This notebook corresponds with src/data/streak.py; it explains some of the insights and methods implemented into streak.py: a script used to generate streak.csv. 

In [1]:
# Imports
import pandas as pd

First, we load in 'mirror.csv', which is an intermediary dataset created in order to work with streak data. It contains game instances from a team's perspective.
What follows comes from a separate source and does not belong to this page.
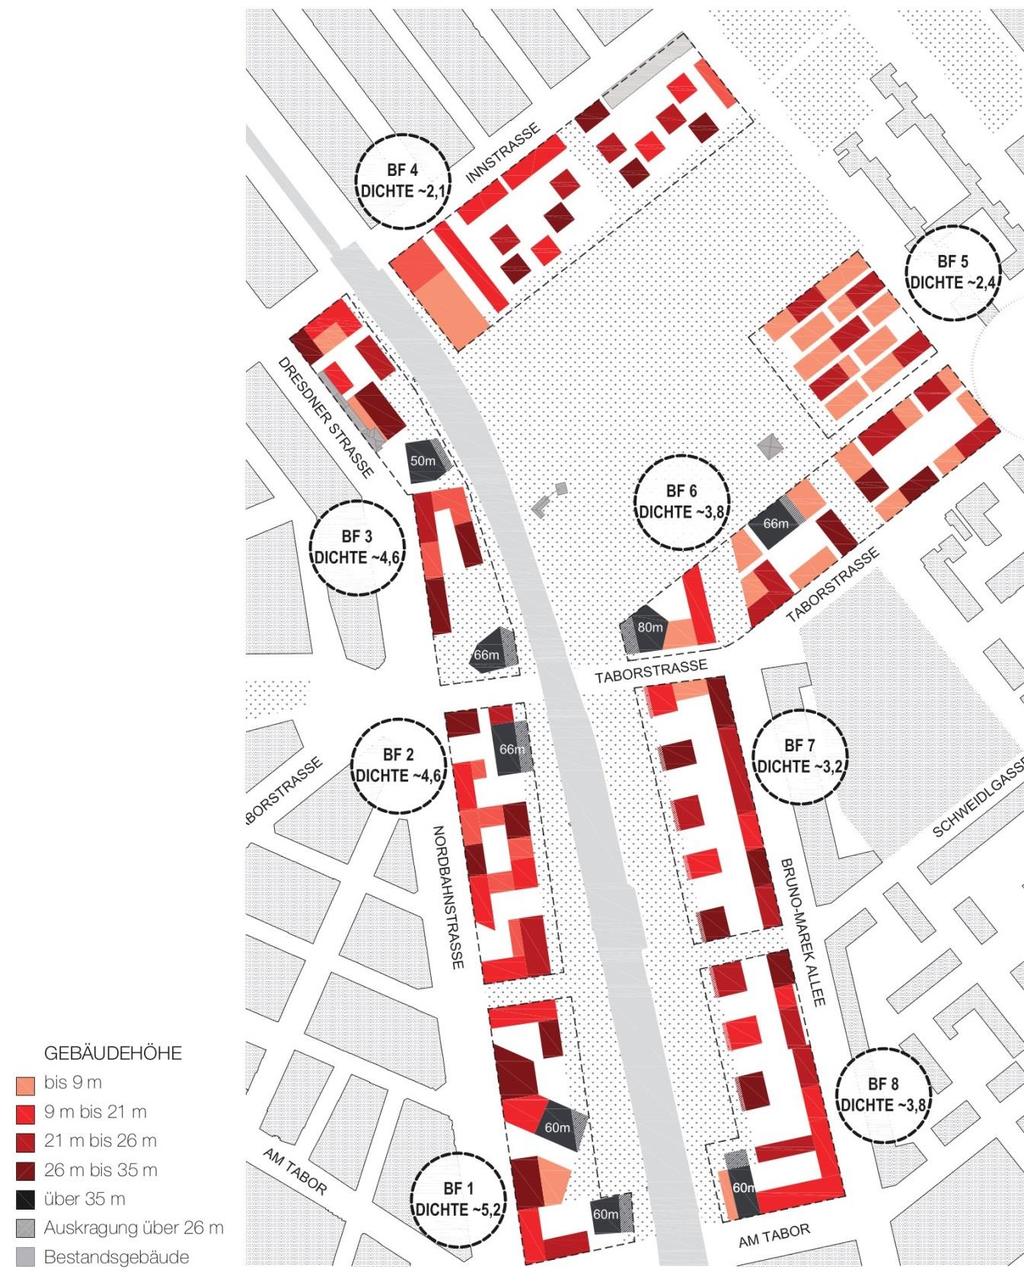 Bebauungsszenario gem. Handbuch zum städtebaulichen Leitbild Nordbahnhof 2014 (Quelle: Studiovlay) Mit dem vorliegenden Entwurf zum Flächenwidmungs- und tlw. Bebauungsplan Nr.
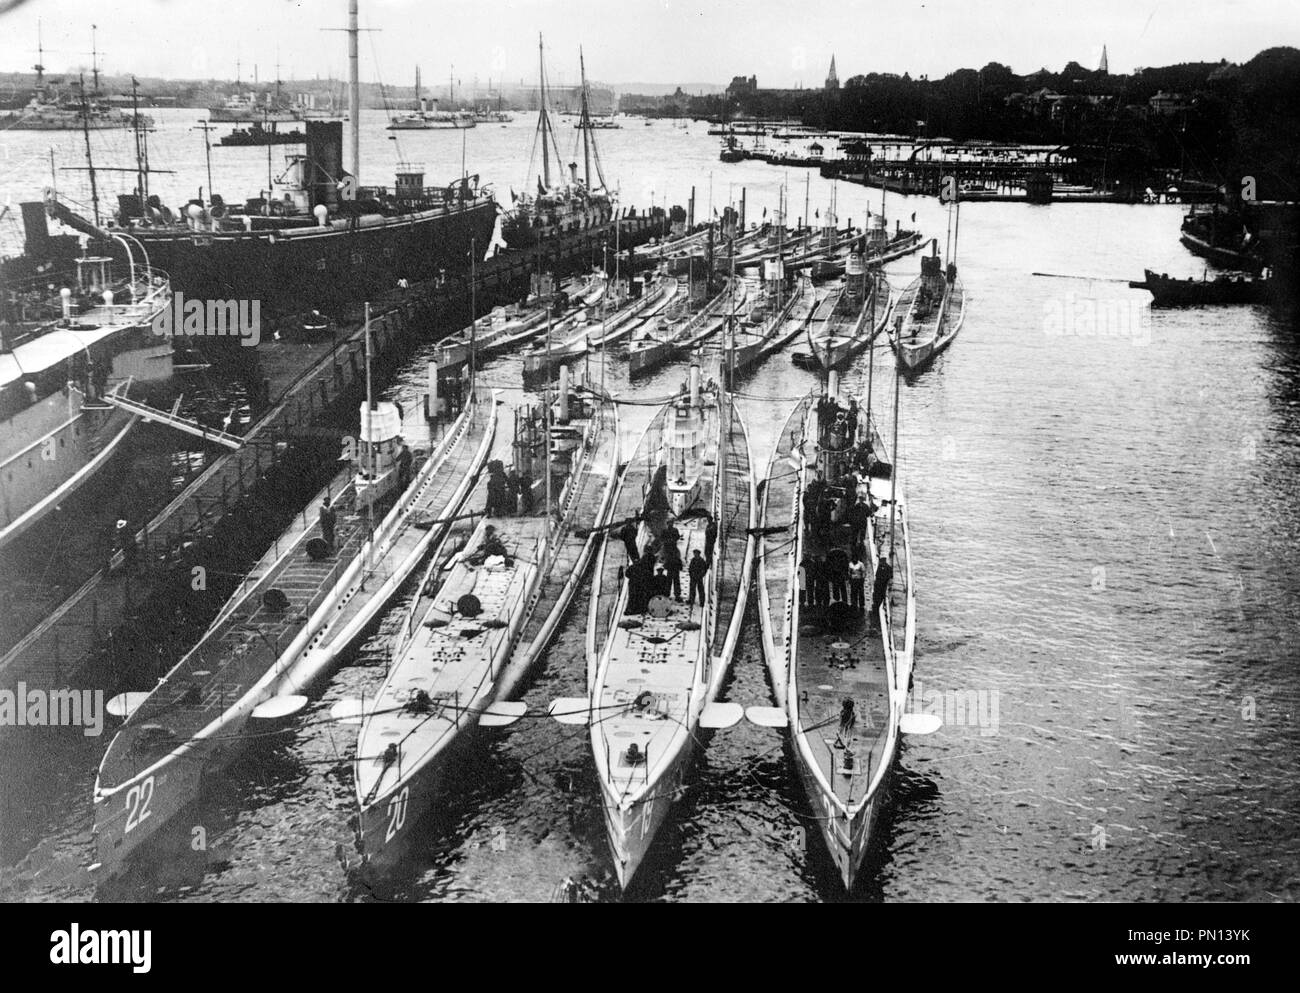 Sous-marins allemands dans le port. Sous-marins allemands dans un port. Première rangée (de gauche à droite) : U-22, U-20 (a coulé le Lusitania), U-19 et U-21. Deuxième rangée (de gauche à droite) : U-14, U-10 et U-12 Banque D'Images

For more on the mirror data or how it was generated from the original data, please read through mirror.ipynb. 

In [2]:
mirror_df = pd.read_csv('../data/processed/mirror.csv', index_col=0)
mirror_df.head(6)

Unnamed: 0_level_0,TEAM_ID,GAME_DATE_EST,SEASON,TEAM_WINS,PTS_for,PTS_against,FG_PCT_for,FG_PCT_against,FG3_PCT_for,FG3_PCT_against,AST_for,AST_against,REB_for,REB_against
GAME_ID,Unnamed: 1_level_1,Unnamed: 2_level_1,Unnamed: 3_level_1,Unnamed: 4_level_1,Unnamed: 5_level_1,Unnamed: 6_level_1,Unnamed: 7_level_1,Unnamed: 8_level_1,Unnamed: 9_level_1,Unnamed: 10_level_1,Unnamed: 11_level_1,Unnamed: 12_level_1,Unnamed: 13_level_1,Unnamed: 14_level_1
20600002,1610612762,2003-10-05,2003,1,90.0,85.0,0.457,0.447,0.143,0.25,23.0,20.0,41.0,38.0
20600003,1610612742,2003-10-05,2003,0,85.0,90.0,0.447,0.457,0.25,0.143,20.0,23.0,38.0,41.0
20600004,1610612763,2003-10-06,2003,1,105.0,94.0,0.494,0.427,0.267,0.154,25.0,20.0,48.0,43.0
20600005,1610612749,2003-10-06,2003,0,94.0,105.0,0.427,0.494,0.154,0.267,20.0,25.0,43.0,48.0
20600006,1610612765,2003-10-07,2003,0,96.0,100.0,0.391,0.494,0.444,0.667,19.0,25.0,37.0,52.0
20600007,1610612739,2003-10-07,2003,1,100.0,96.0,0.494,0.391,0.667,0.444,25.0,19.0,52.0,37.0


Now, what we want to do using these game instances is engineer 'streak' features indicating how a a certain team has been playing leading up to a game, and use these streak features to predict the game in question. 

To work up to this, we first find all of the games a team has played.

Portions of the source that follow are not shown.